The OxNet-Ordered Universe 2019 seminar programme is in full swing with the 2019 cohort of school students aged 16-17 (Lower Sixth Form, Year 12) from the North-East. Students from Southmoor Academy, St Anthony’s, St Robert of Newminster, and Park View Academy, met earlier this week for the fourth part of their six-week seminar course, led by Ordered Universe team members, on their expert topics: Richard Bower (Durham) on Cosmology, Brian Tanner (Durham) on Physics, Joshua Harvey (Oxford) on Psychology, Nicola Polloni (Humboldt Berlin) on Philosophy and Translation, Colin Rennie (Sunderland) on Creativity and Giles Gasper (Durham) on History and Religious Studies. These take place in the entirely appropriate setting of St Peter’s Church, Sunderland, rich in its legacy for history of science as one of the home monasteries for Bede.
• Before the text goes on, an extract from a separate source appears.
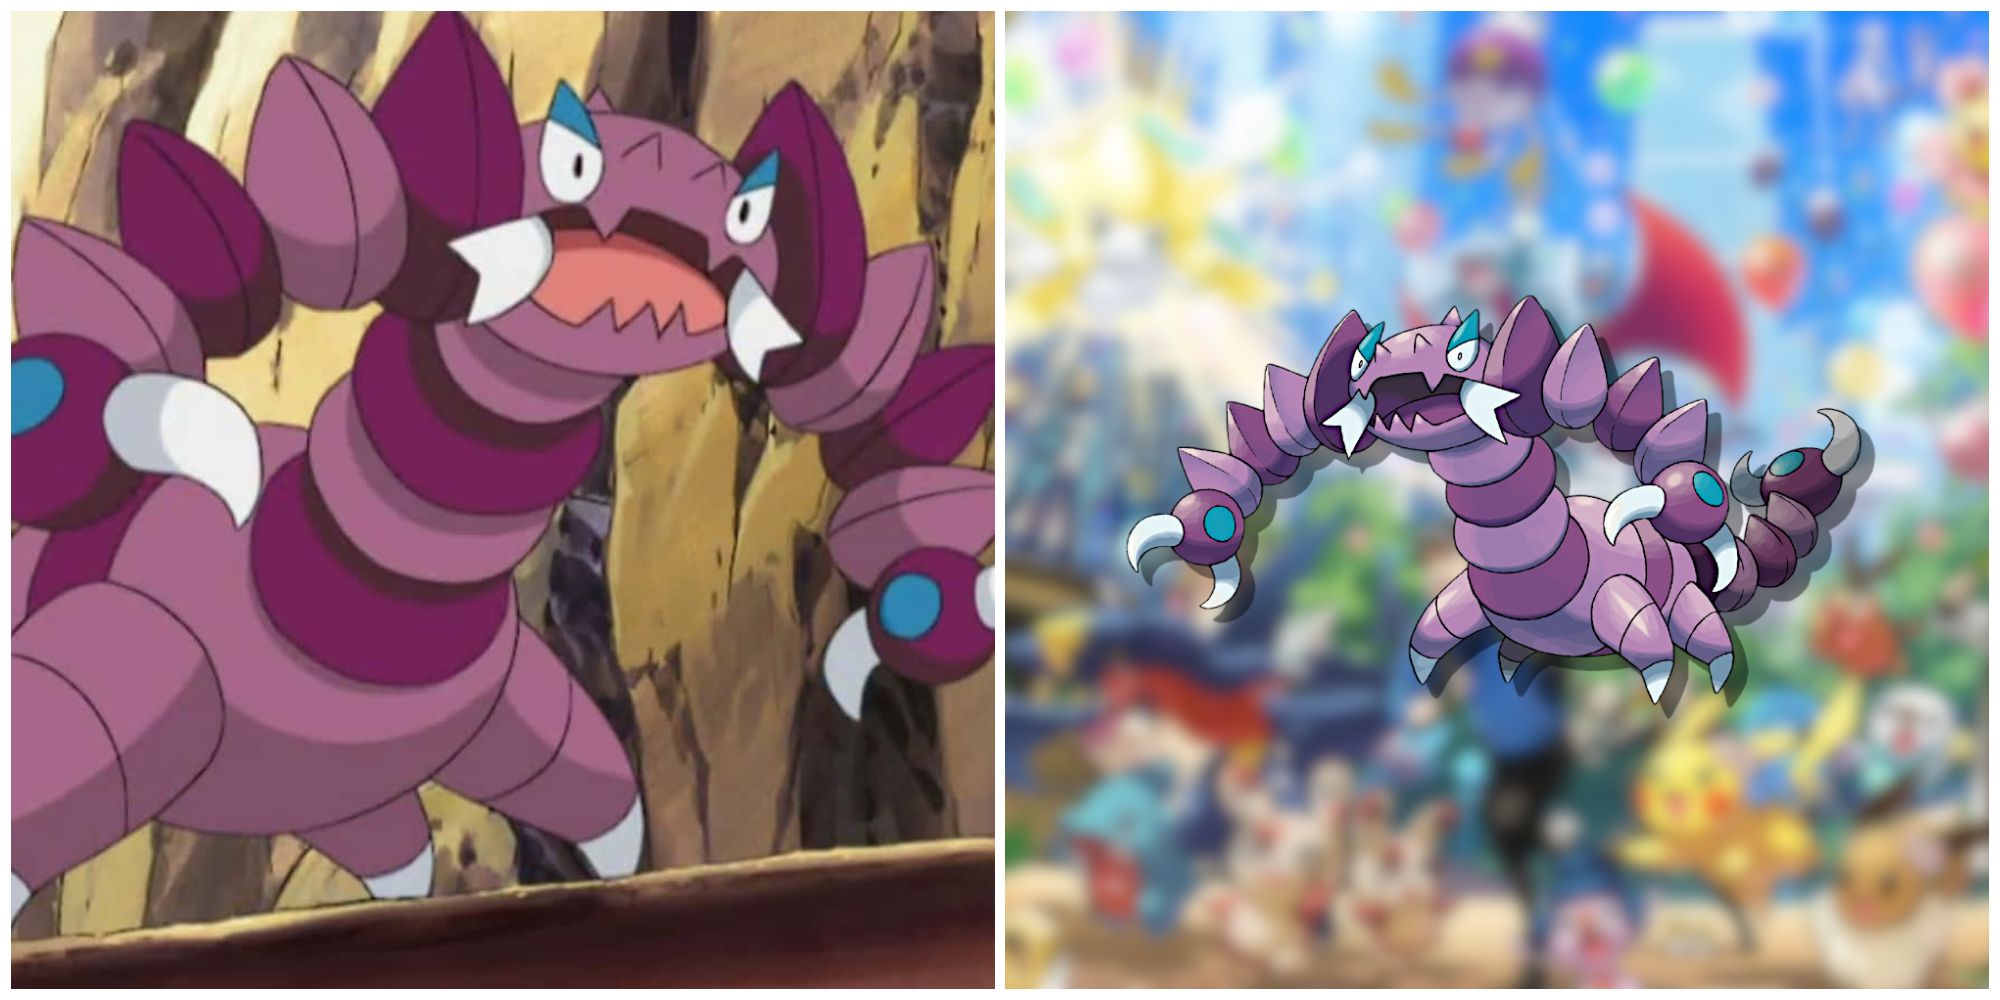 Split image of Drapion in the Pokemon anime and Drapion in the foreground from Pokemon GO
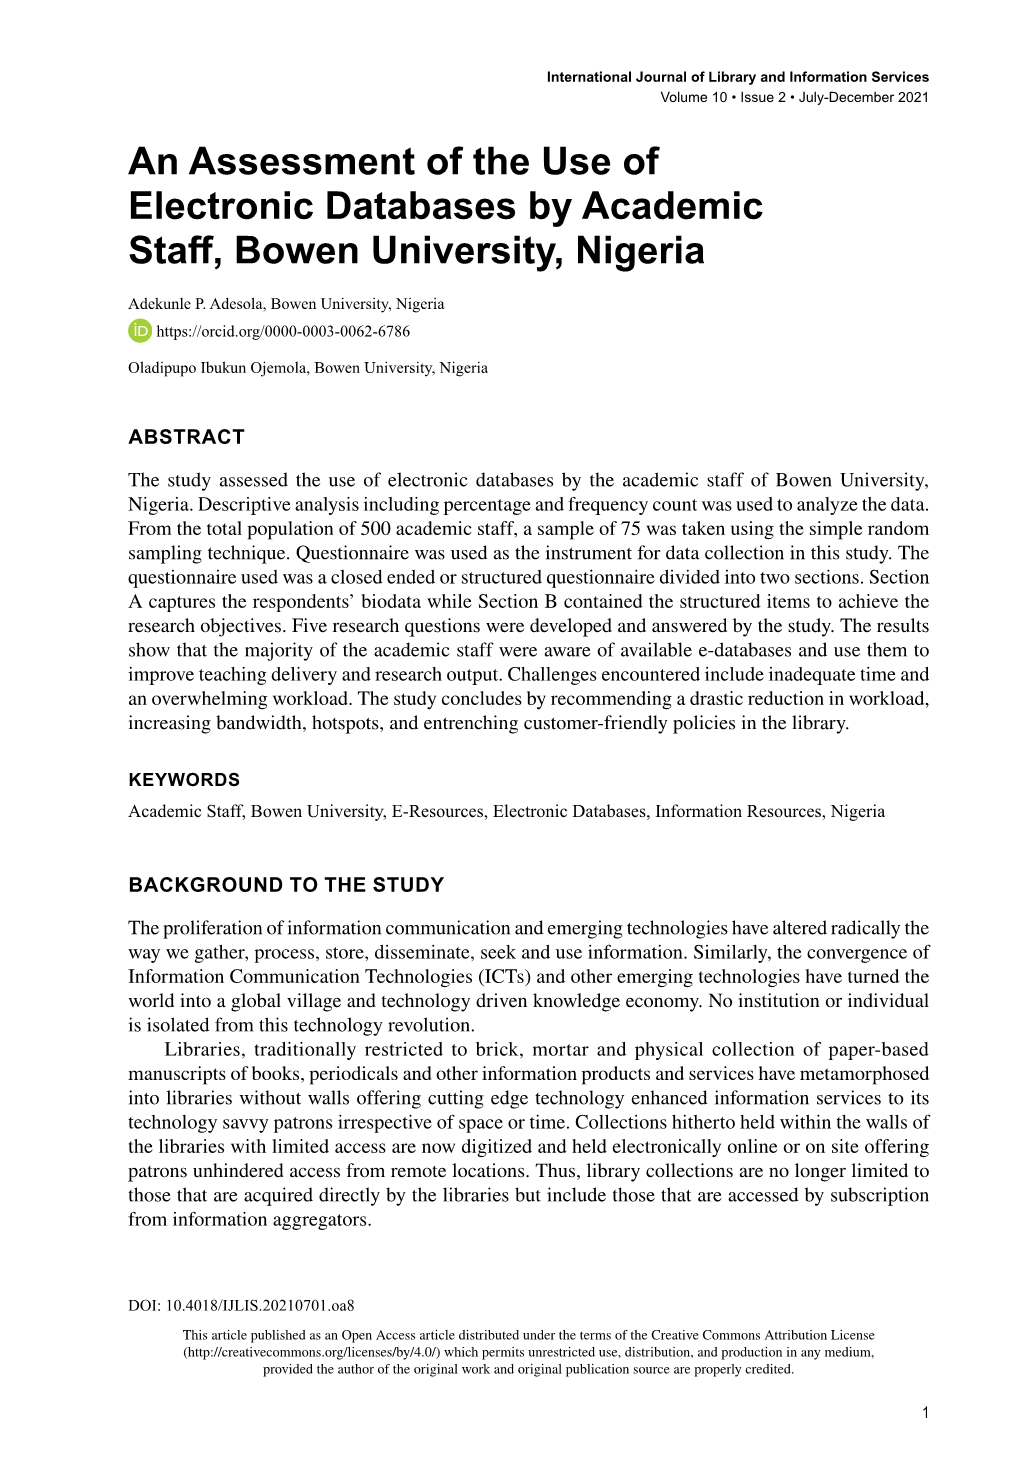 An Assessment of the Use of Electronic Databases by Academic Staff, Bowen University, Nigeria

Claire Ungley, the OxNet North-East co-ordinator had the following thoughts on the fourth seminar session, which was led by Nicola Polloni from the Humboldt Universität zu Berlin:
Seminar 4 of the OxNet series was focused around Translation and Philosophy. Students prepared for the session by completing reading on medieval translators and works that were translated from Arabic into Latin. They then discussed the definitions of key words, including philosophy, epistemology, knowledge, and the differences between ‘natural’ and ‘supernatural’ phenomena. Students quickly understood that definitions in medieval times differ to our perceptions today – what we categorise as philosophy, science and superstition is often at odds with medieval thinkers. For example, creating an elixir to make humans immortal might have been a scientific endeavour in medieval times, but now is seen as superstition. From this, students examined a set of stones including fool’s gold, and evaluated a translated recipe to create gold by Michael Scot. Although many centuries have passed, alchemy still interests academics today. For example, Larry Principe of John Hopkins University has recreated medieval alchemical recipes, and evaluated the chemistry behind what actually happens. By the end of the session, students had a good idea of what makes science and philosophy different – science gives you an answer, whereas philosophy gives you a question.
More to come, and we’re so excited to hear more from the students about their thoughts on medieval and modern art and science.